LA
RESPONSABILITA’ CIVILE:
1.
Introduzione
La responsabilità civile aziendale rappresenta una delle polizze
più complicate da costruire per una serie di motivi. Da un lato la
limitatezza dei massimali prestati dalle compagnie di assicurazione che
faticano a mantenere sotto controllo le perdite di un ramo spesso in rosso;
dall'altro una serie di clausole limitative e di sottolimiti penalizzanti che
non aiutano gli imprenditori a dormire sonni tranquilli. A complicare ancora di
più il lavoro degli intermediari e del consulenti, una scarsa conoscenza
delle problematiche connesse alla responsabilità civile da parte di
imprenditori convinti di essere tranquilli avendo già pagato la polizza
Inail, senza conoscere le pericolose insidie della rivalsa. Con gli accordi di
Basilea 2 una certa attenzione dovrà essere prestata all'assicurazione
di responsabilità civile terzi e operai (RCTO), senza contare che le
aziende produttive che fabbricano direttamente prodotti finiti e/o componenti
di prodotto, devono tutelarsi anche per la responsabilità civile
derivante da prodotto difettoso (RC Prodotti). Qui di seguito prospettiamo una
analisi tecnica e di risk management
per la gestione dei rischi da RCTO (alla RC Prodotti dedicheremo articoli
futuri) delle Pmi.
2. RCTO: le insidie di sottolimiti e clausole restrittive
A volte basta una parola per cambiare il senso di una clausola in un contratto
di assicurazione. Il linguaggio giuridico con cui vengono formulate le polizze
non è semplice ed è importante fare grande attenzione. Il
massimale di responsabilità civile a volte è elevato e sembra
fornire adeguate garanzie, ma le insidie sono dietro l'angolo. In primis il
massimale RC è espresso nella sua validità per sinistro oppure
per sinistro e anno assicurativo? Si tratta di una differenza non da poco, in
grado di determinare le sorti di un'azienda. Quanto ai sottolimiti, il
campionario è vasto. Danni a cose in consegna o custodia, danni da
interruzione o sospensione di attività di terzi, malattie professionali,
danni a veicoli in sosta, cessione di lavoro in subappalto, danni da fuoco, e,
per vedere il solo settore edile, danni a condutture e cavi sotterranei, danni
da cedimento o franamento del terreno, furti agevolati da ponteggi, danni da
bagnamento, garanzia postuma per lavori di installazione o posa in opera, ecc.
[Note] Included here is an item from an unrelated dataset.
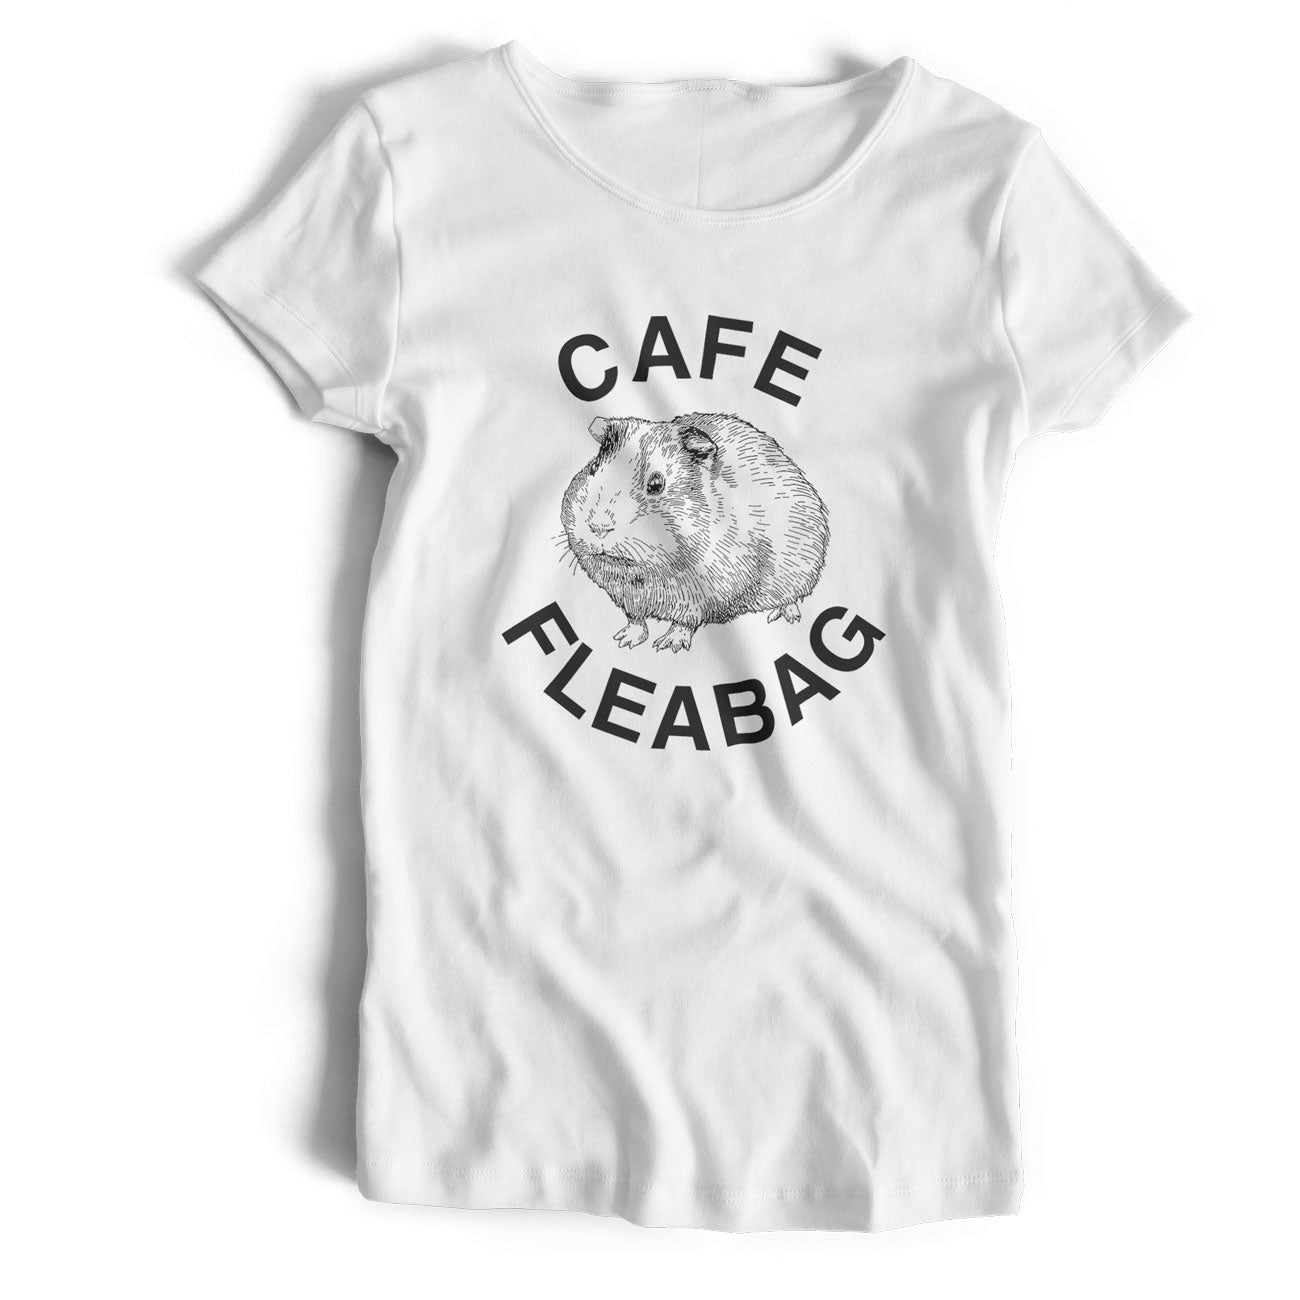 Cafe Fleabag T shirt - Guinea Pig Café Old Skool Hooligans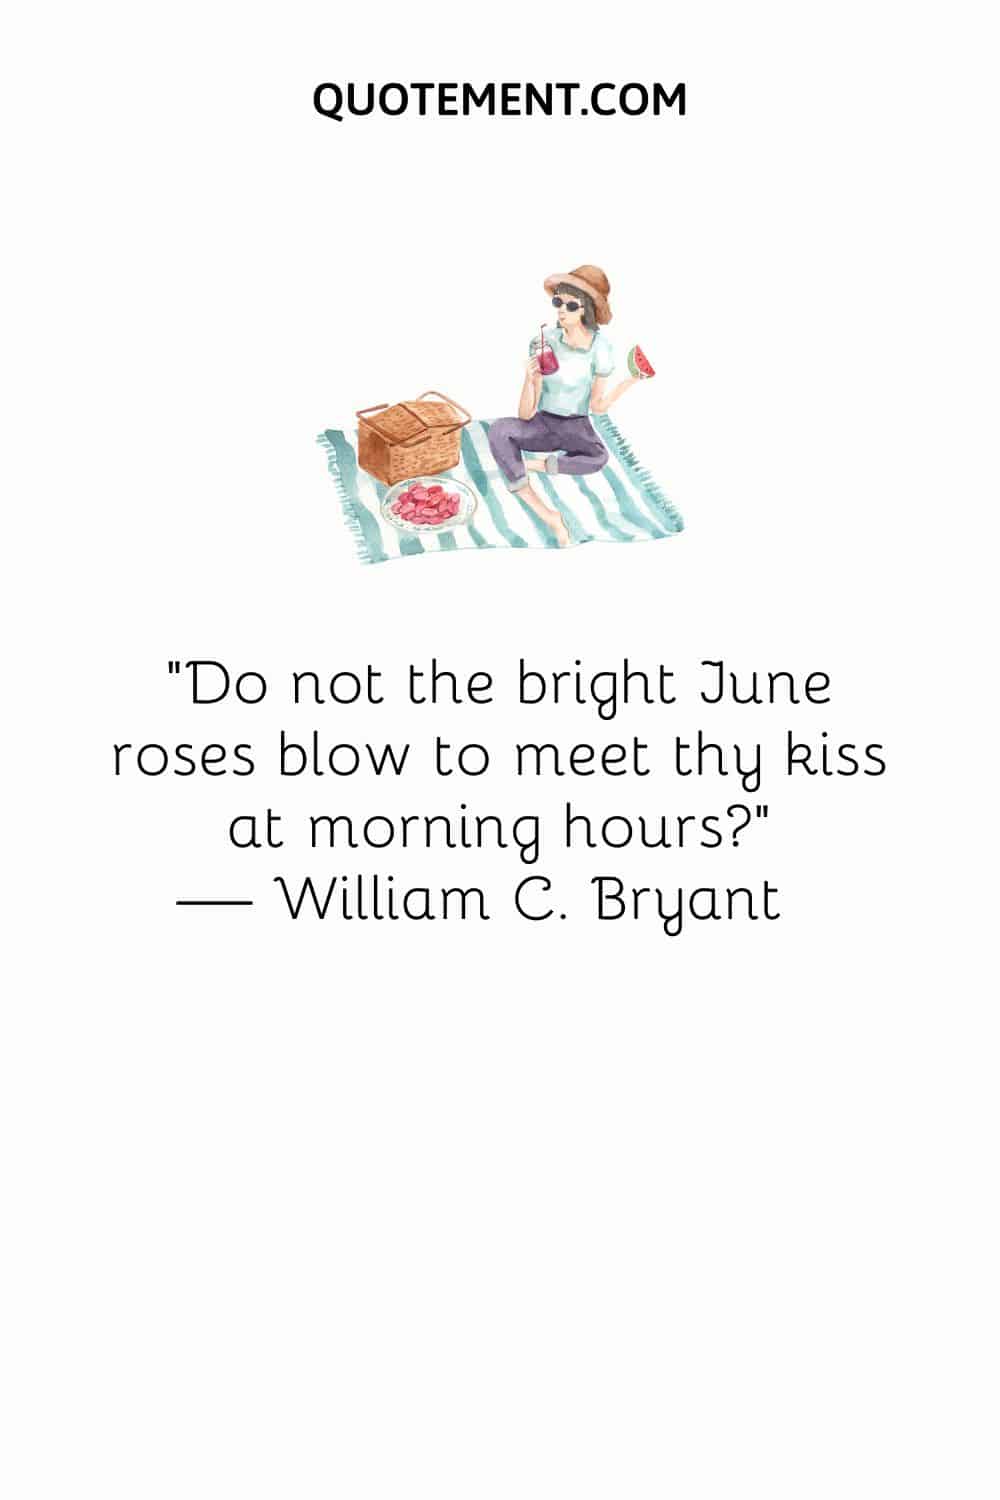 "¿No soplan las brillantes rosas de junio al encuentro de tu beso en las horas de la mañana?" - William C. Bryant

Queste clausole vengono solitamente prestate con dei limiti standard, spesso
inaccettabili. Le compagnie di solito non mollano di un centimetro su questi
limiti, anche se un buon lavoro da parte di consulenti e agenti di
assicurazione può aiutare ad elevare la portata delle garanzie. Quello
che, dal punto di vista tecnico, occorre far presente all'impresa è che
questi limiti esistono e che l'impresa deve avere coscienza di questa
esistenza. Il trasferimento del rischio quindi, in alcuni frangenti, diventa
parziale. La compagnia di assicurazioni arriva fino a un tetto massimo, al di
sopra del qualche sborsa l'azienda.
3. La scelta dei massimali e le opzioni franchigie
Che massimale si può considerare adeguato a una data realtà
aziendale? Teoricamente l'unico massimale in grado di garantire un'impresa
è il massimale illimitato. Si tratta di una prestazione non più
garantibile dalle compagnie che lo hanno ritirato dal mercato dopo i drammatici
attentati dell'11 settembre 2001. Il massimale illimitato era comunque riferito
solo alla RC auto e non riguardava le coperture da RC aziendale. Che massimale
proporre allora? Il bravo consulente ha una sola risposta, il massimale
più alto possibile sia per l'RCT che per l'RCO. Il perché, in
termini spiccioli lo si capisce osservando le entità dei sinistri da
responsabilità civile che colpiscono cose (si pensi per esempio ai danni
da fermo attività) e persone (basta consultare sentenze e tabelle dei
tribunali per capire quanto "costano" un morto o un invalido).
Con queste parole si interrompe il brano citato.